The work done by an external force in moving a charge at a distance $+3.40\text{cm}$ from the origin

to the midpoint of the two charges.

Answer to Problem 31P

The work done is $1.04\text{mJ}$.

Explanation of Solution

The charge being moved is $45.0\text{nC}$.

Write the expression for work done by an external agent in moving a charge

  $W=\Delta U$                                                                                                  (III)

Here, $W$ is the work done by the external force and $\Delta U$ is the change in electric potential in moving the charge from $b$ to $a$.

Write the expression for $\Delta U$

  $\Delta U=q\left(V_{\text{f}}-V_{\text{i}}\right)$                                                                                         (IV)

Here, $q$ is the charge being moved $V_{\text{i}}$ is the potential at a distance $+3.40\text{cm}$ from the origin and  $V_{\text{f}}$ is the potential at the midpoint of the two charges.

Equate (IV) and (III)

  $W=q\left(V_{\text{f}}-V_{\text{i}}\right)$                                                                                             (V)

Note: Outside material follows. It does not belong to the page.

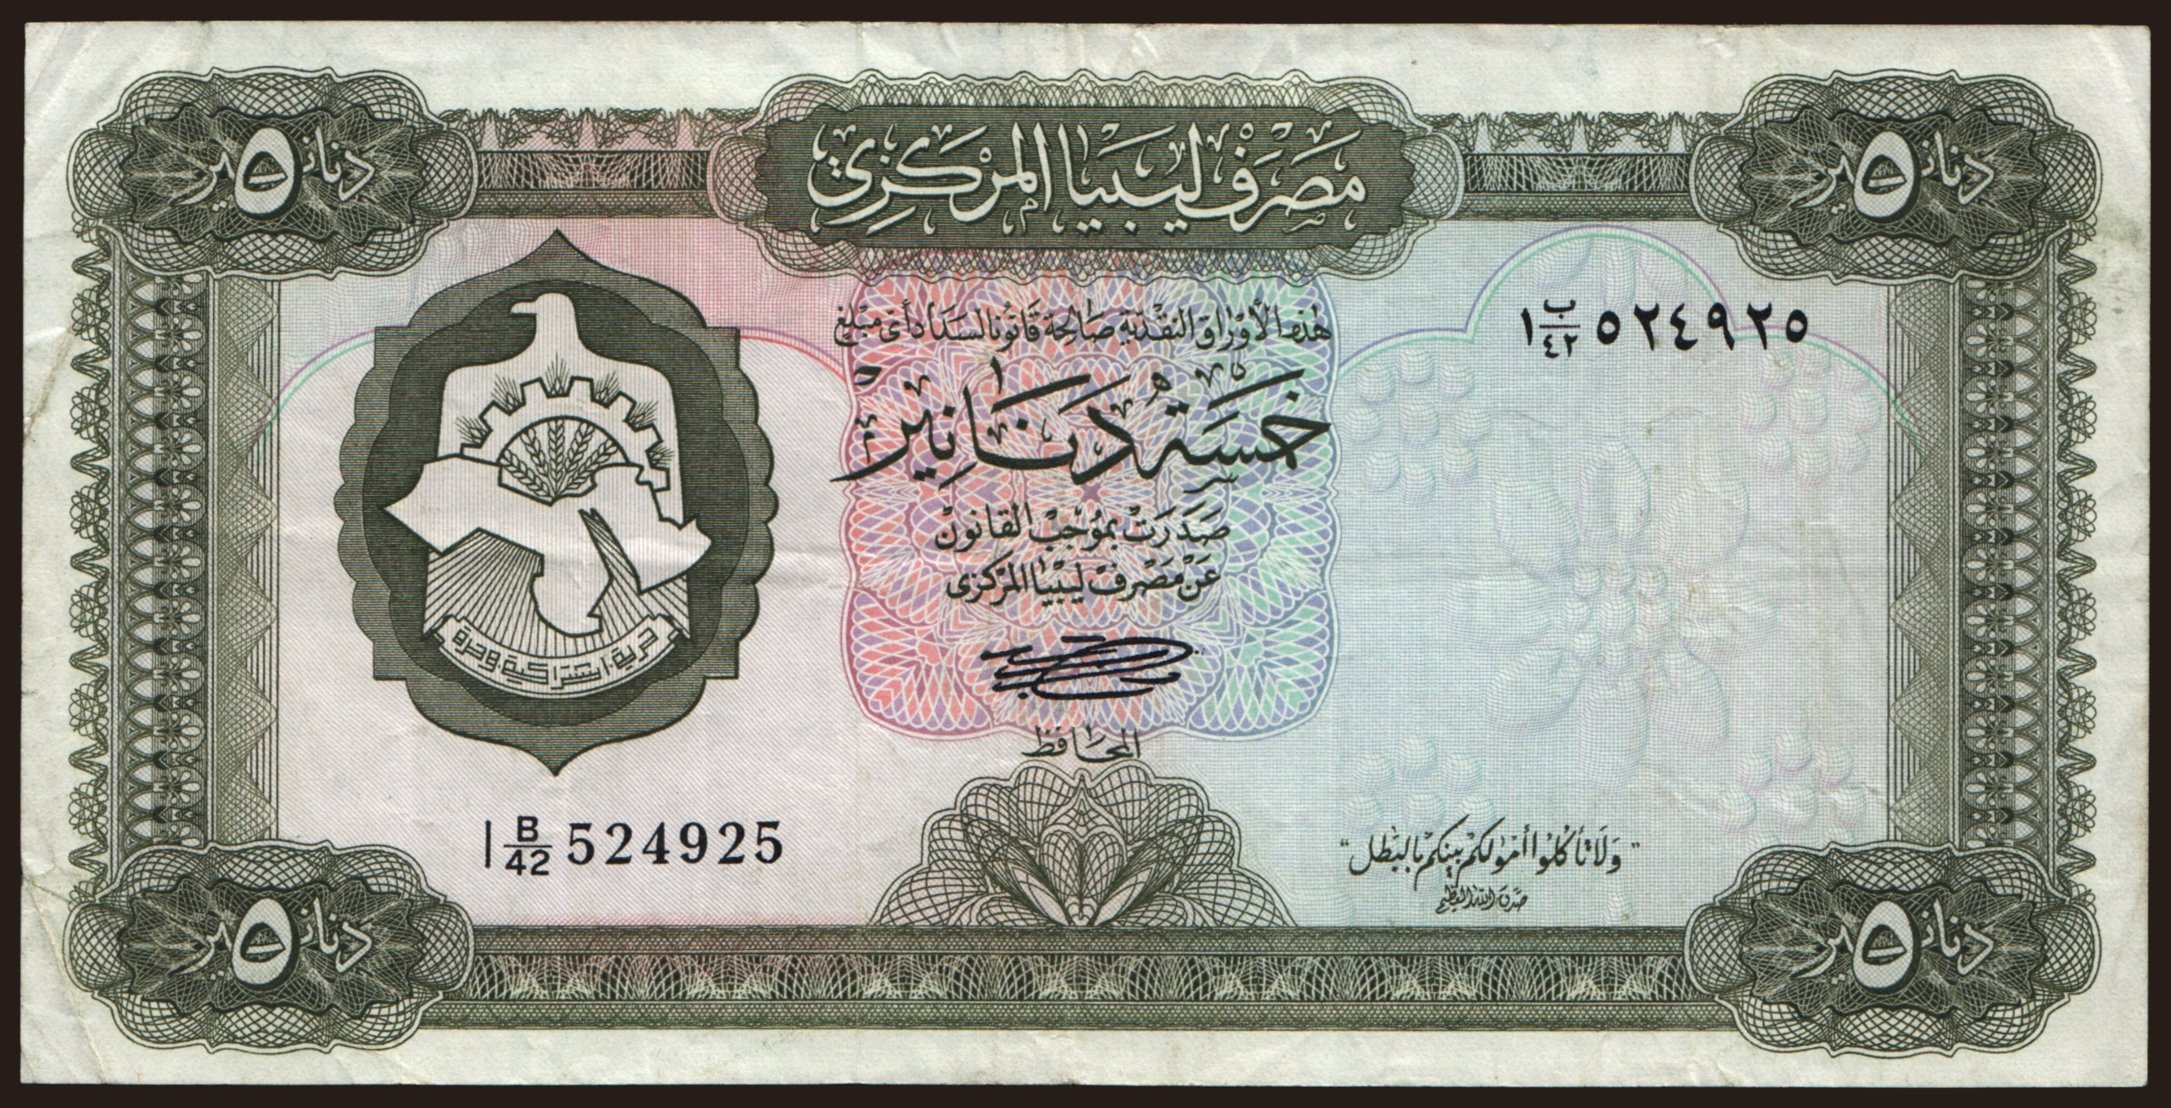 5 dinars, 1972
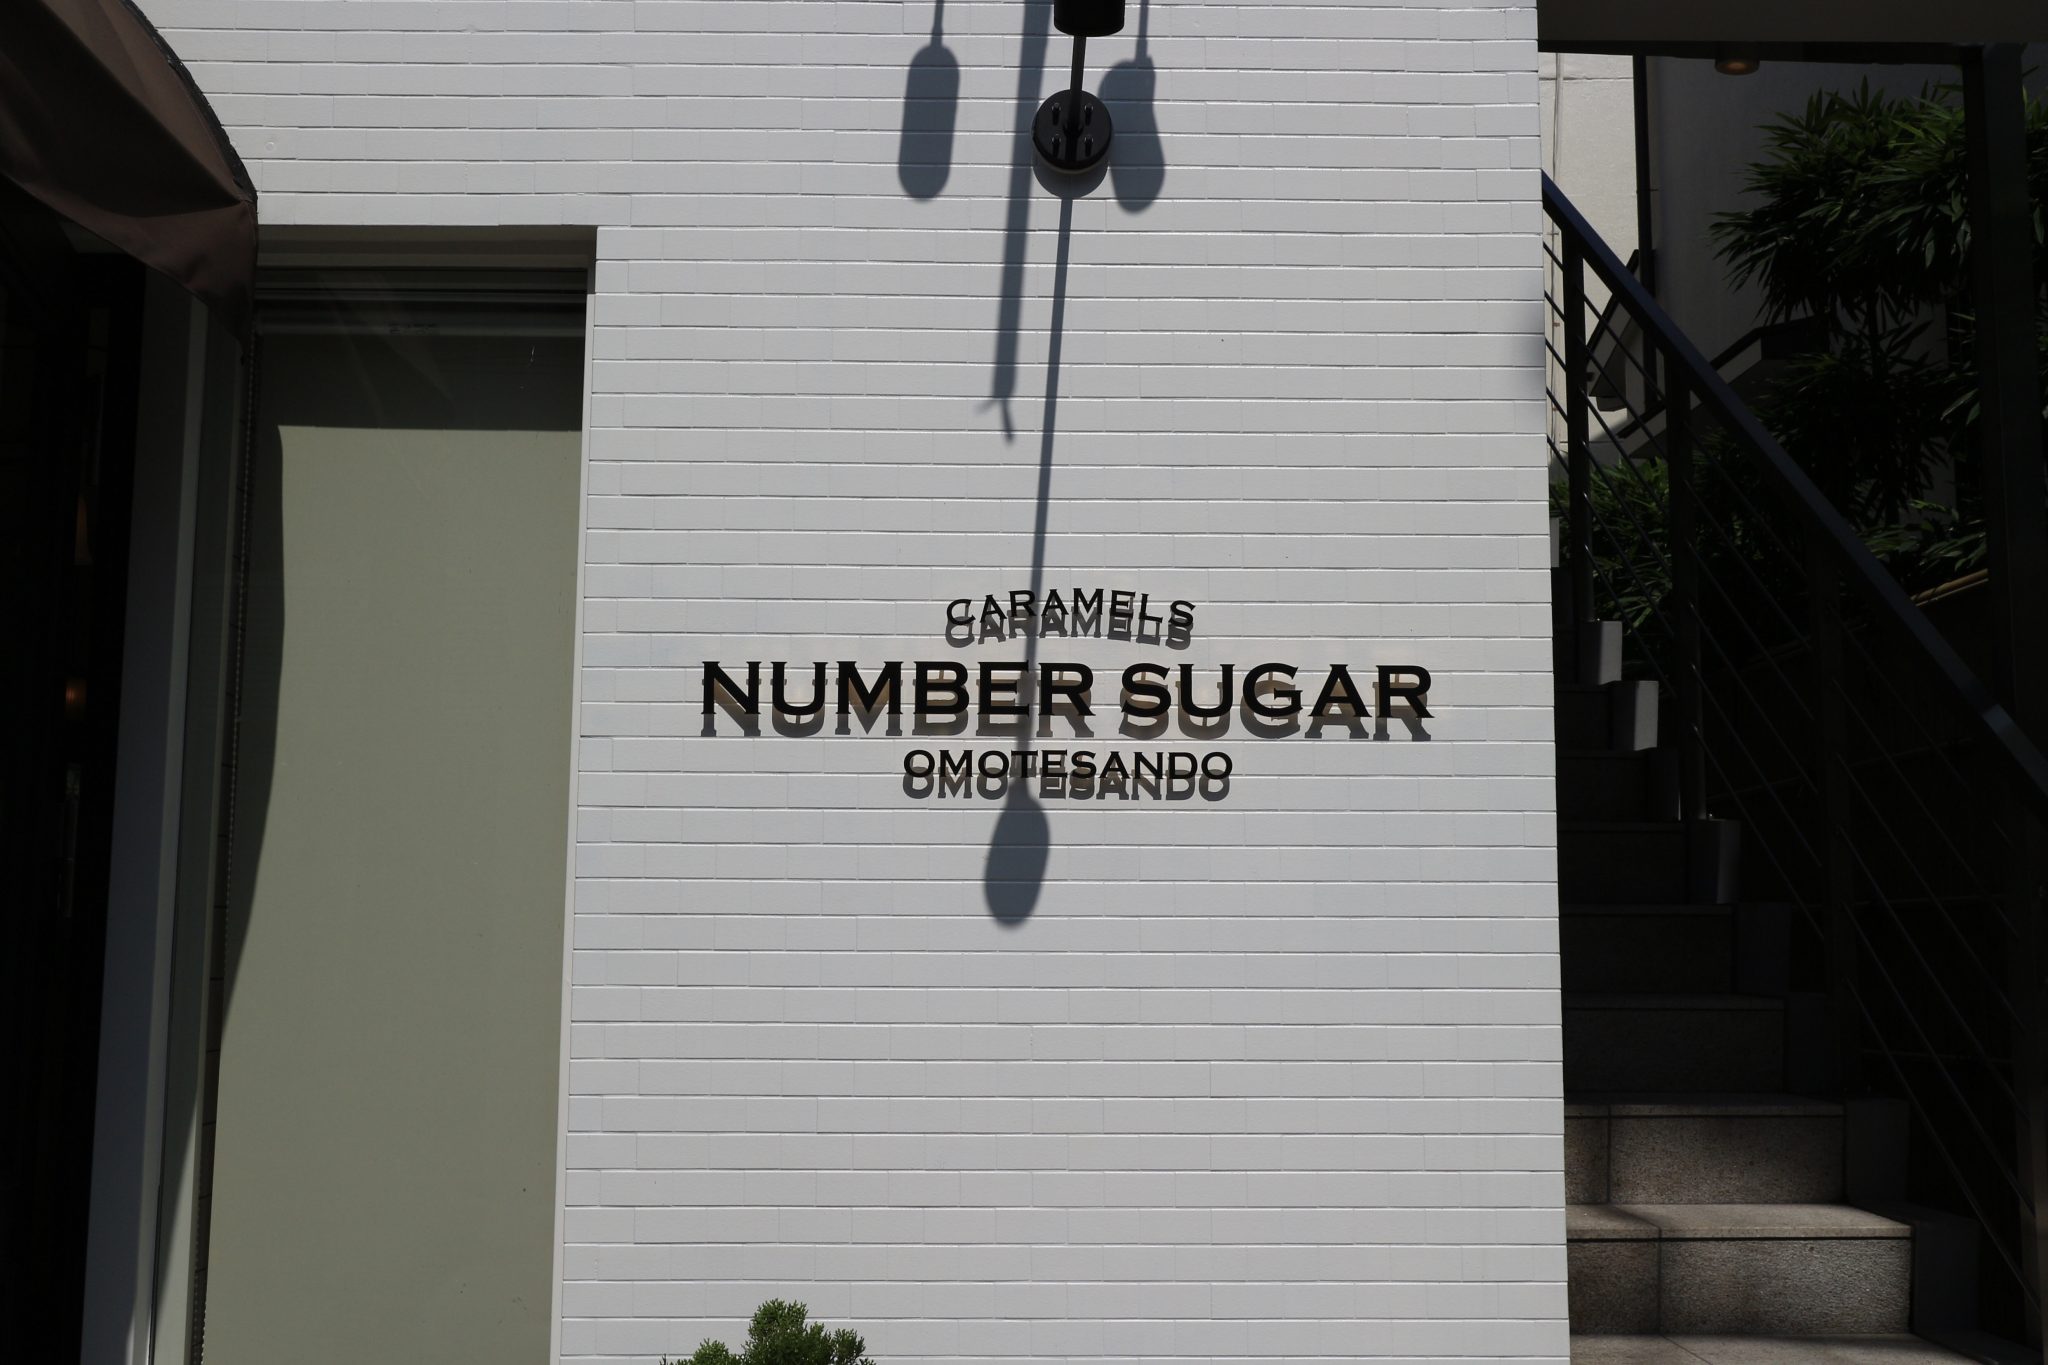 NUMBER-SUGAR omotesando caramel shop logo

Substitute  $45.0\text{nC}$ for $q$, $5.04\times {10}^4\text{V}$ for $V_{\text{i}}$ and $7.35\times {10}^4\text{V}$ for $V_{\text{f}}$ in (V) to find $W$

    $\begin{array}{c}W=45.0\text{nC}\left[\left(7.35\times {10}^4\text{V}\right)-\left(5.04\times {10}^4\text{V}\right)\right]\\ =+2.00\times {10}^{-9}\text{C}\left(-899\text{V}-1348\text{V}\right)\\ =1.04\times {10}^{-3}\text{J}\\ =1.04\text{mJ}\end{array}$

Thus, the work done is $1.04\text{mJ}$.